== EXERCISE GOAL ==
Only one span is wanted from the lines below: from the one with "Lumia 800, um" up to and including the one with "马桶 卫生间 卫浴 座便器 1377_1376". Copy it exactly, without images.

== INPUT ==
--- START ---

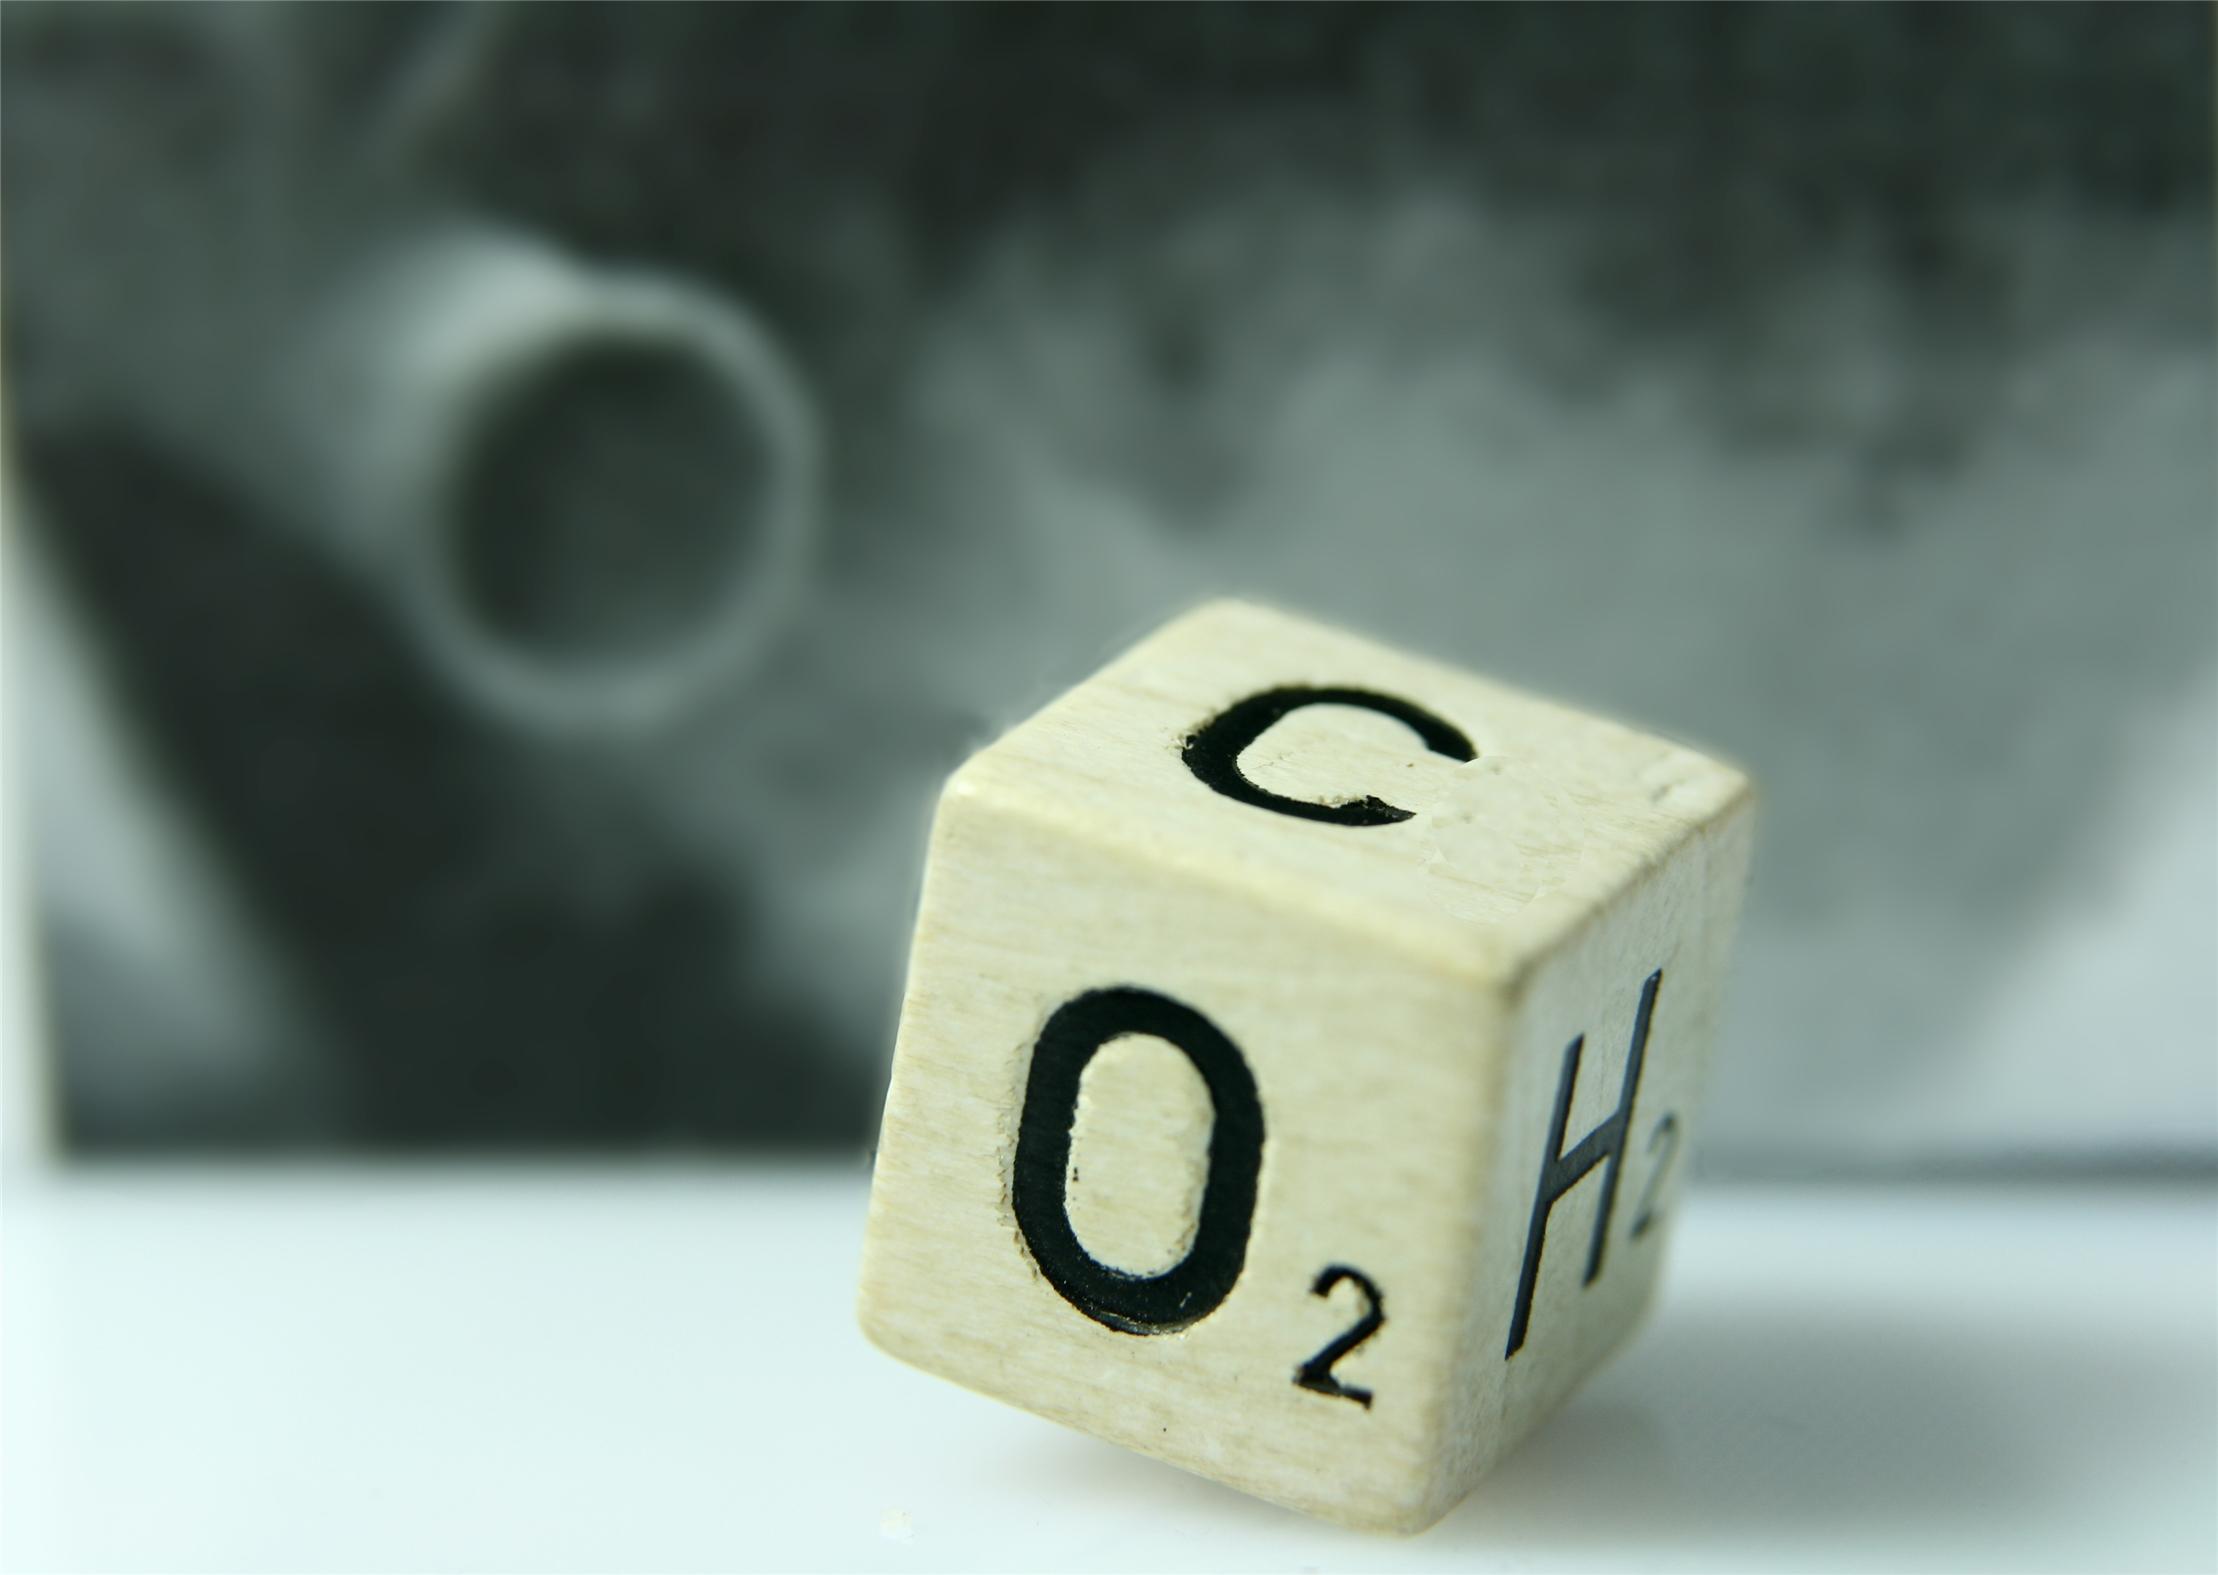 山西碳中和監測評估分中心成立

--- END ---
--- START ---

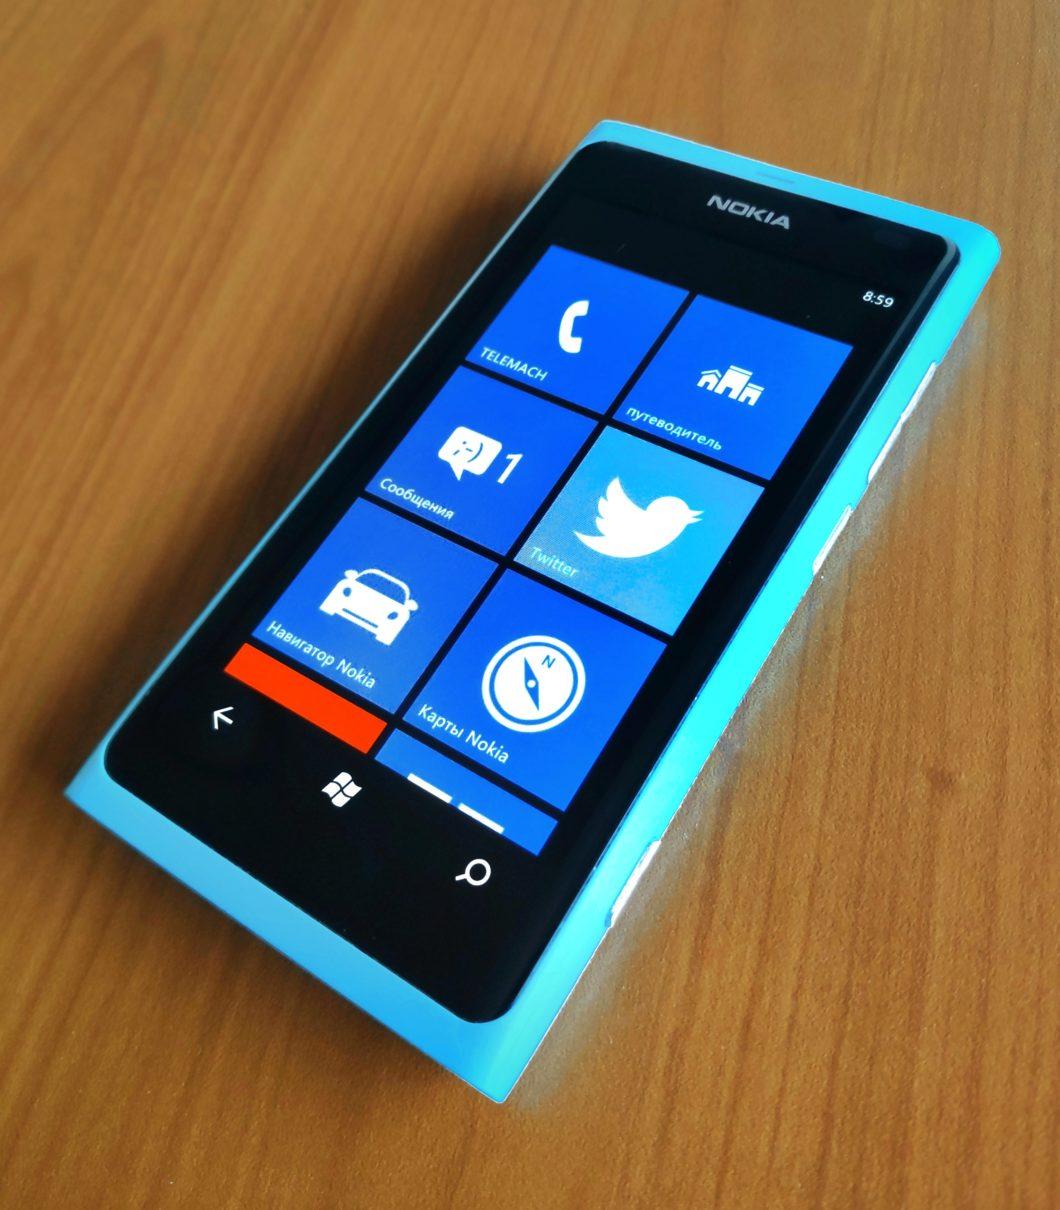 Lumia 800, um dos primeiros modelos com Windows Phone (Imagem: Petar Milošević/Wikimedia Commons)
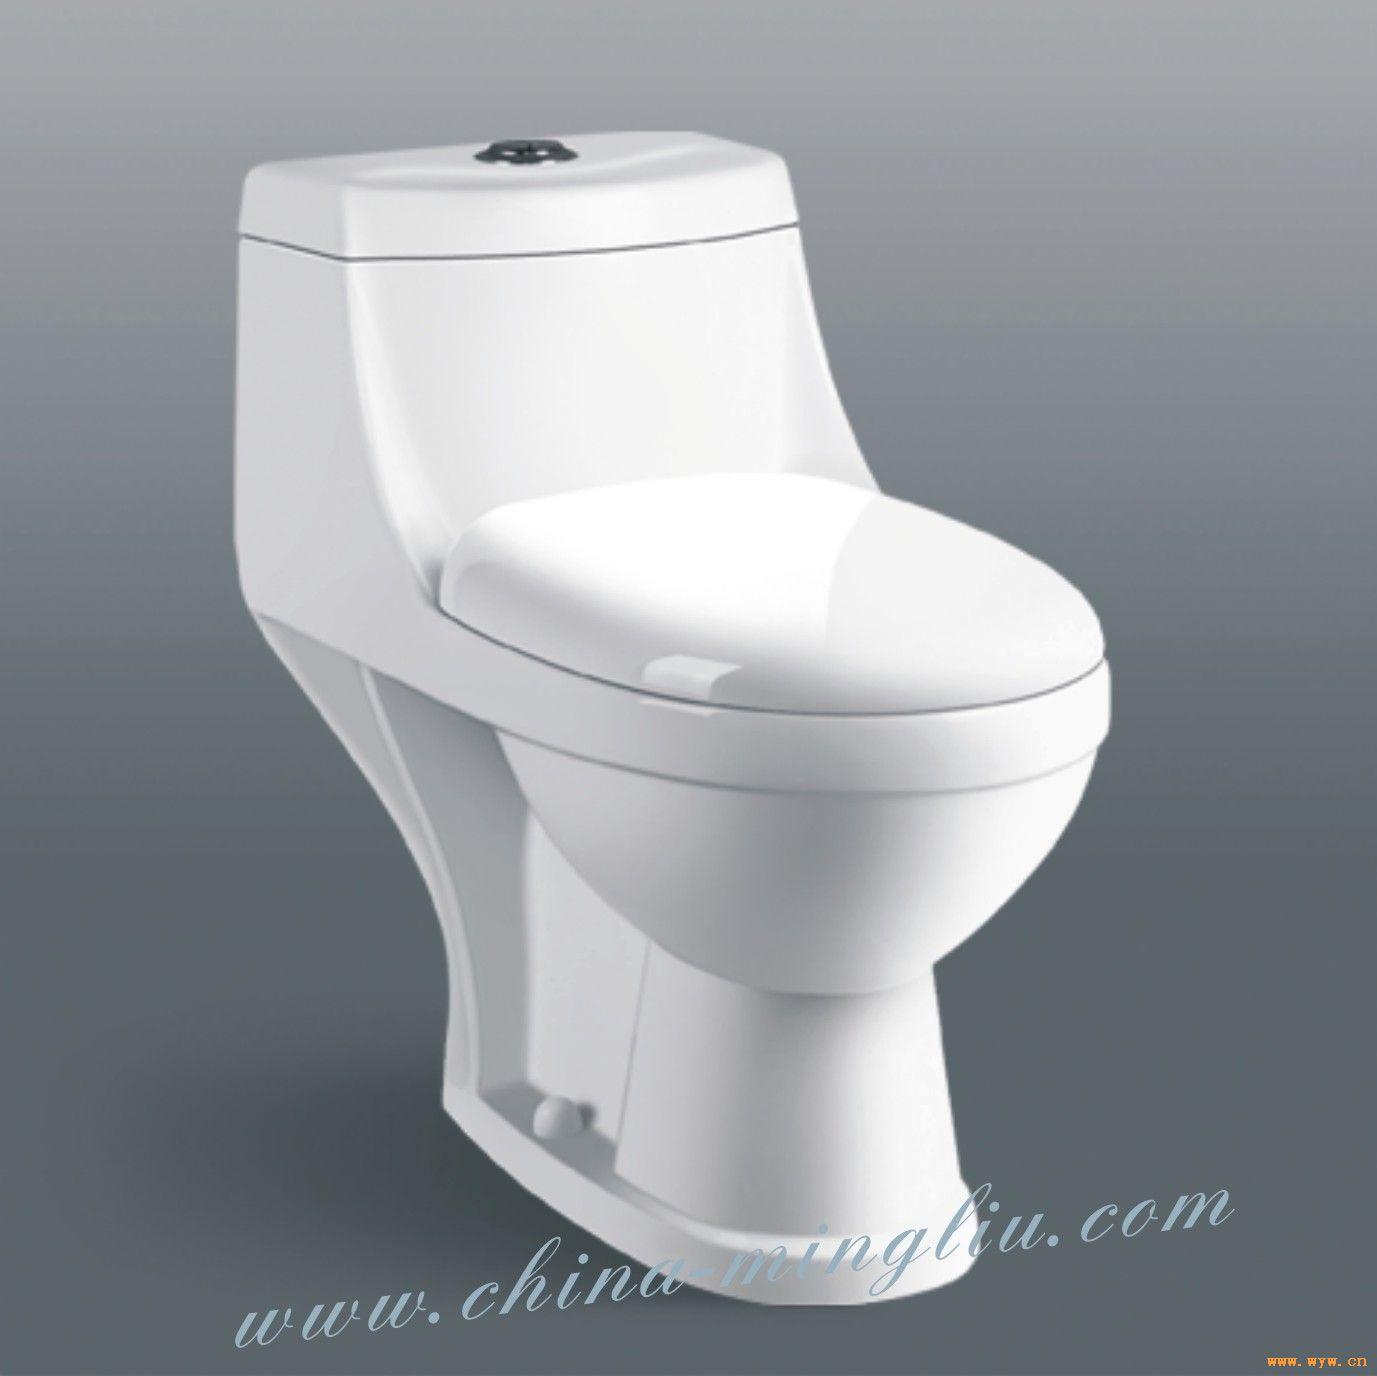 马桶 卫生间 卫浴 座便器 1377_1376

--- END ---

== RESULT OF THIS TASK ==
 Lumia 800, um dos primeiros modelos com Windows Phone (Imagem: Petar Milošević/Wikimedia Commons)
 马桶 卫生间 卫浴 座便器 1377_1376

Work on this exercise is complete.